Why Glacier is Important
Why is Glacier important? First, as James Hamilton (disclosure, James is VP and Distinguished Engineer at Amazon) aptly summarizes, Glacier provides the volume economics for multi-site, replicated, cold storage (near-line) to small-scale and medium-scale users. While do-it-yourself solutions based on automated tape libraries can still beat Glacier’s price by a huge margin, the sweet spot for this approach has been shifted out so that only very large enterprises are likely to beat the price on Glacier by rolling out their own solutions using tape libraries, etc.
Second, many businesses, and also many services, are built upon or backed up through AWS and S3. Amazon’s continued integration of Glacier into AWS will make it increasingly straightforward to integrate low-cost cold-storage replication into preservation services such as DuraCloud, backup services such as Zmanda, and even into simple software tools like Cyberduck.
Overall, I’m optimistic that this is a Good Thing, and will improve the likelihood of meaningful future access to digital content.

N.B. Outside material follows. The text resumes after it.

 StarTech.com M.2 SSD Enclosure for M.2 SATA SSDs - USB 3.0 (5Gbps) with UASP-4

However, there are a number of substantial issues to keep in mind when considering Glacier as part of a digital preservation solution.

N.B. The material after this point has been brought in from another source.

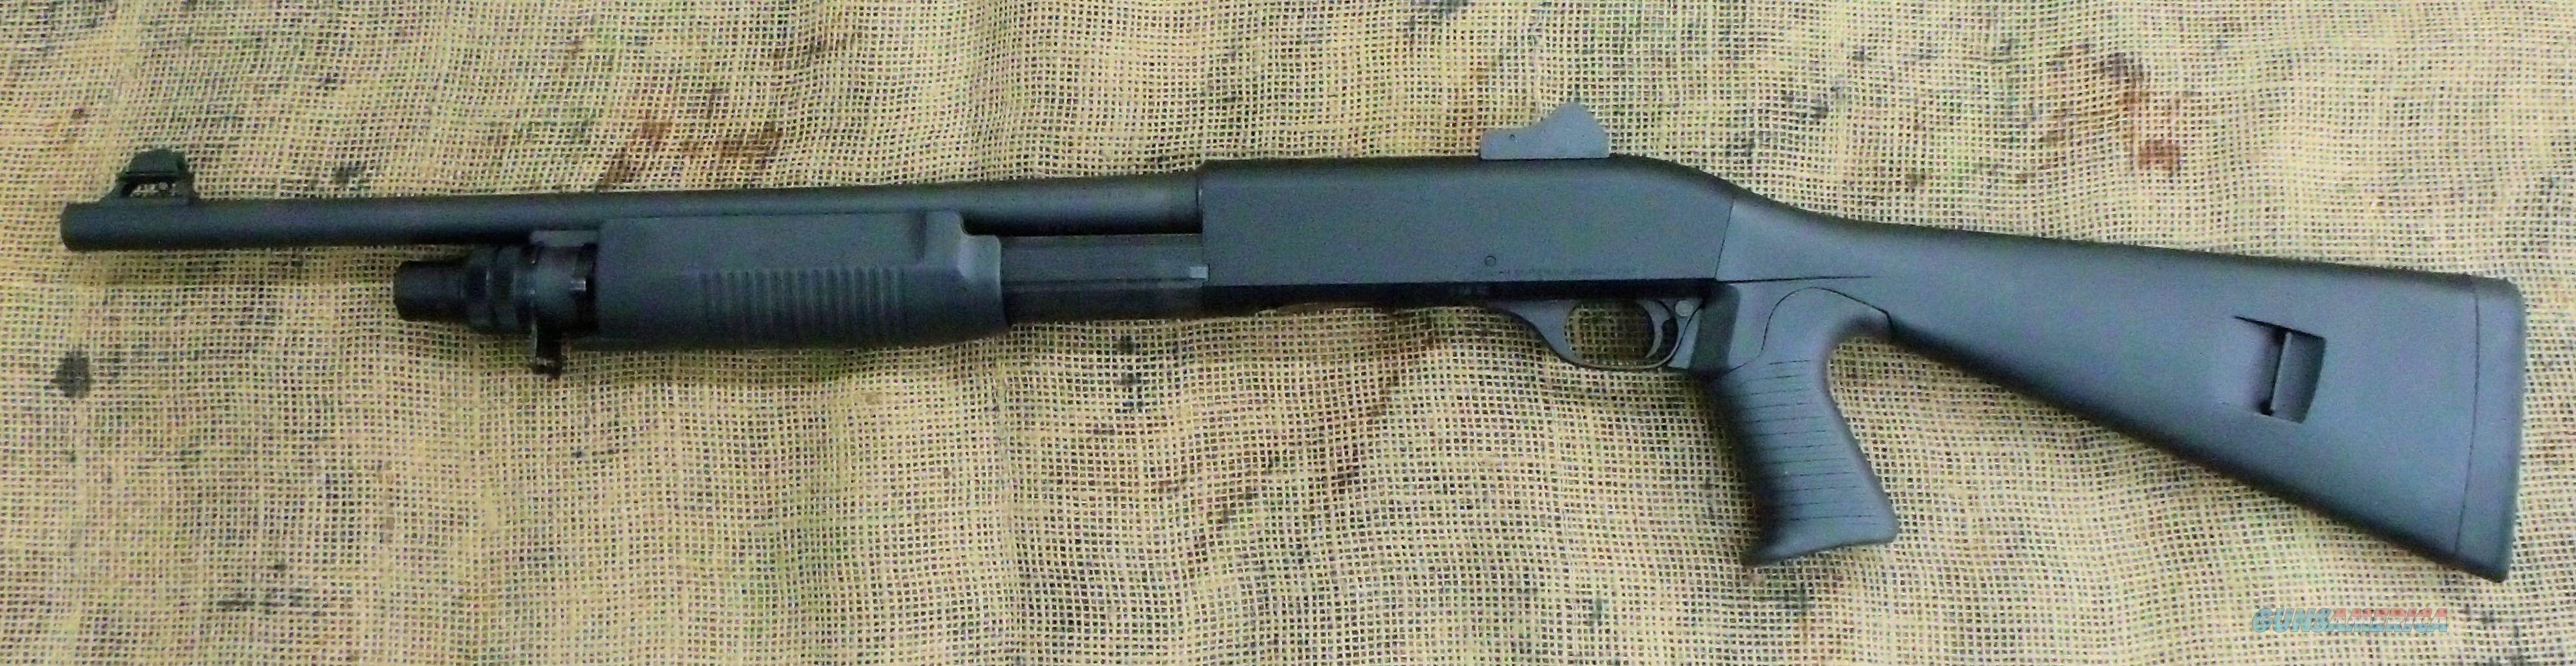 Benelli m3 shotgun flashlight

Issue 1. Technical infrastructure does not guarantee long term durability
Although some commenters have stated that Glacier will “probably outlive us all“, these claims are based on little evidence. The durability of institutions and services relies as much upon economic models, business models, organizational models, and organizational mission as upon technology. Based on the history of technology companies, one must consider that there is a substantial probability that Amazon itself will not be in existence in fifty years, and the future existence of any specific Amazon service is even more doubtful.

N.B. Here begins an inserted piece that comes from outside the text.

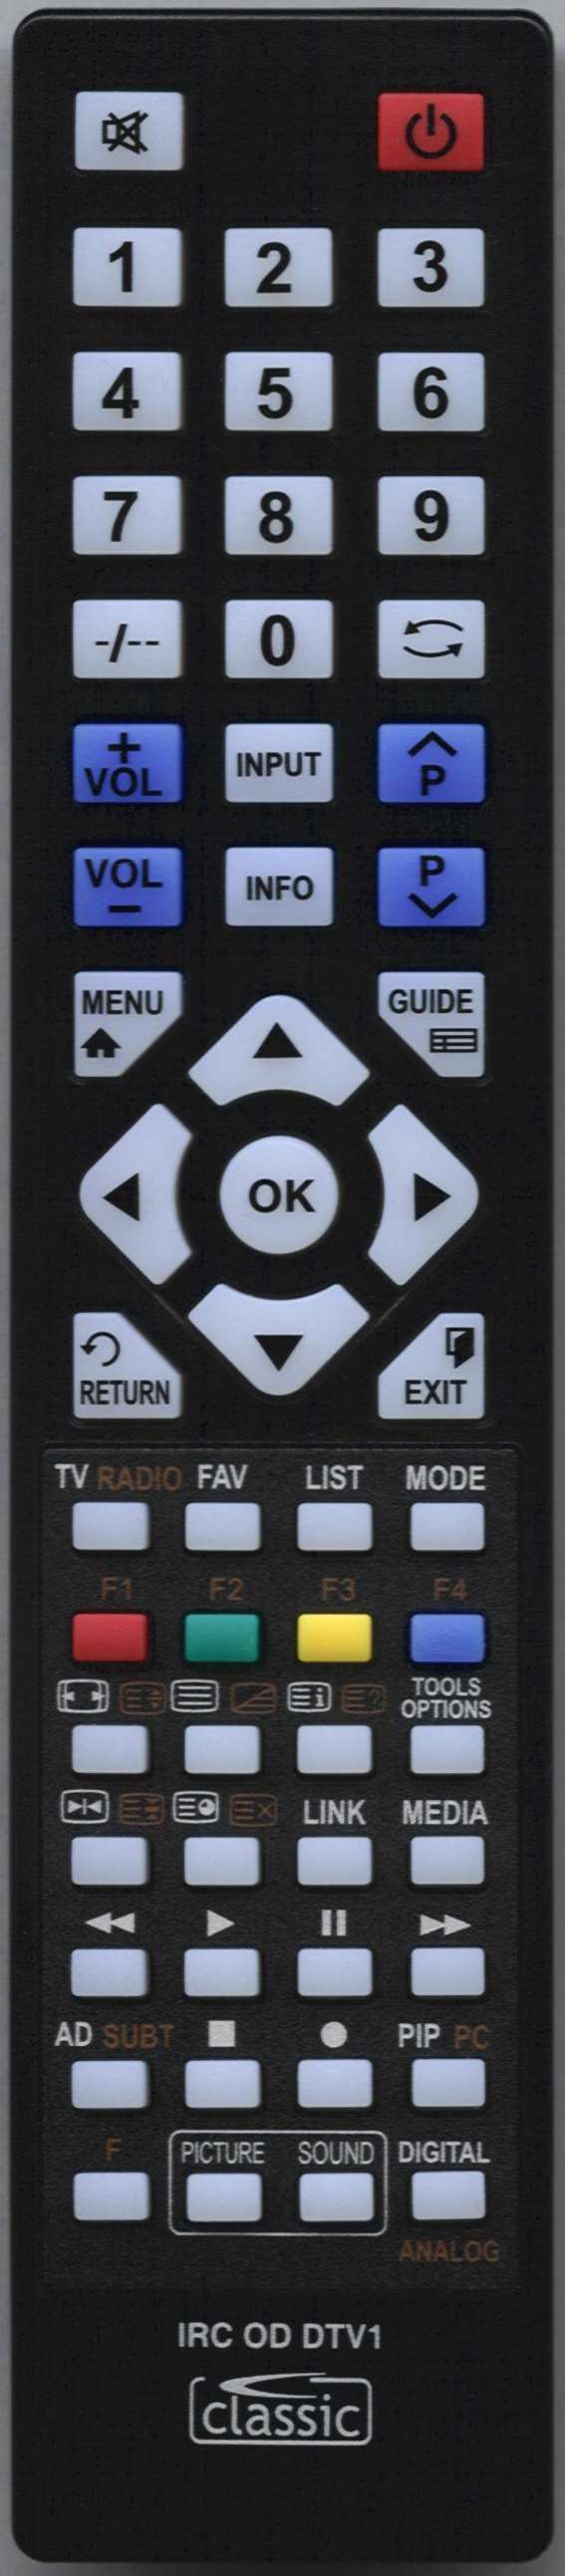 AKURA APL3268-3U Remote Control

Issue 2. Lock-in and future cost projections
As Wired dramatically illustrated, the costs of retrieving all of one’s data from Glacier can be quite substantial. Further, as David Rosenthal has repeatedly pointed out, the long-term cost-competitiveness of preservation services depends “not on their initial pricing, but on how closely their pricing tracks the Kryder’s Law decrease in storage media costs”. And that “It is anyone’s guess how quickly Amazon will drop Glacier’s prices as the underlying storage media costs drop.” The importance of this future price-uncertainty is magnified by the degree of lock-in exhibited by the Glacier service.
Issue 3. Correlated failures
Amazon claims a ‘design reliability’ of ‘99.999999999%‘. This appears to be an extremely optimistic number without any formal published analysis backing it. The number appears to be based on a projection of theoretical failure rates for storage hardware (and such rates are wildly optimistic under production conditions), together with the (unrealistic) assumption that all such failures are statistically independent. Moreover, this ‘design reliability’ claim is unsupported (at time of writing) by Glacier’s terms of service, SLA, or customer agreement. To the contrary, the agreements appear to indemnify Amazon against any loss of damage, does not appear to offer a separate SLA for Glacier, and limits recovery under existing SLA’s (for services, such as S3) to refund of fees for periods the service was unavailable. If Amazon were highly confident in the applicability of the quoted ‘design reliability’ to production settings, one might expect a stronger SLA. However, despite these caveats, my guess is that Glacier’s will still turn out to be, in practice, substantially more reliable than the DIY solutions that most individual organizations can afford to implement entirely in-house.
Nevertheless, as previously discussed (most recently at Digital Preservation 2012), a large part of risk mitigation for digital assets is to diversify against sources of correlated failure. Although implementation details are not complete, Glacier does appear to diversify against some common risks to bits — primarily media failure, hardware failure, and localized natural disaster (such as fire, flood). This is good, but far from complete. A number of likely single-point (or highly correlated) vulnerabilities remain, including software failure (e.g. a bug in the AWS software for its control backplane might result in permanent loss that would go undetected for a substantial time; or cause other cascading failures — analogous to those we’ve seen previously); legal threats (leading to account lock-out — such as this, deletion, or content removal); or other institutional threats (such as a change in Amazon’s business model). It is critical that diversification against these additional failures be incorporated into a digital preservation strategy.
To sum up, Glacier is an important service, and appears to be a solid option for cold storage, but institutions that are responsible for digital preservation and long-term access should not use the quoted design reliability in modeling likelihood of loss, nor rely on Glacier as the sole archival mechanism for their content.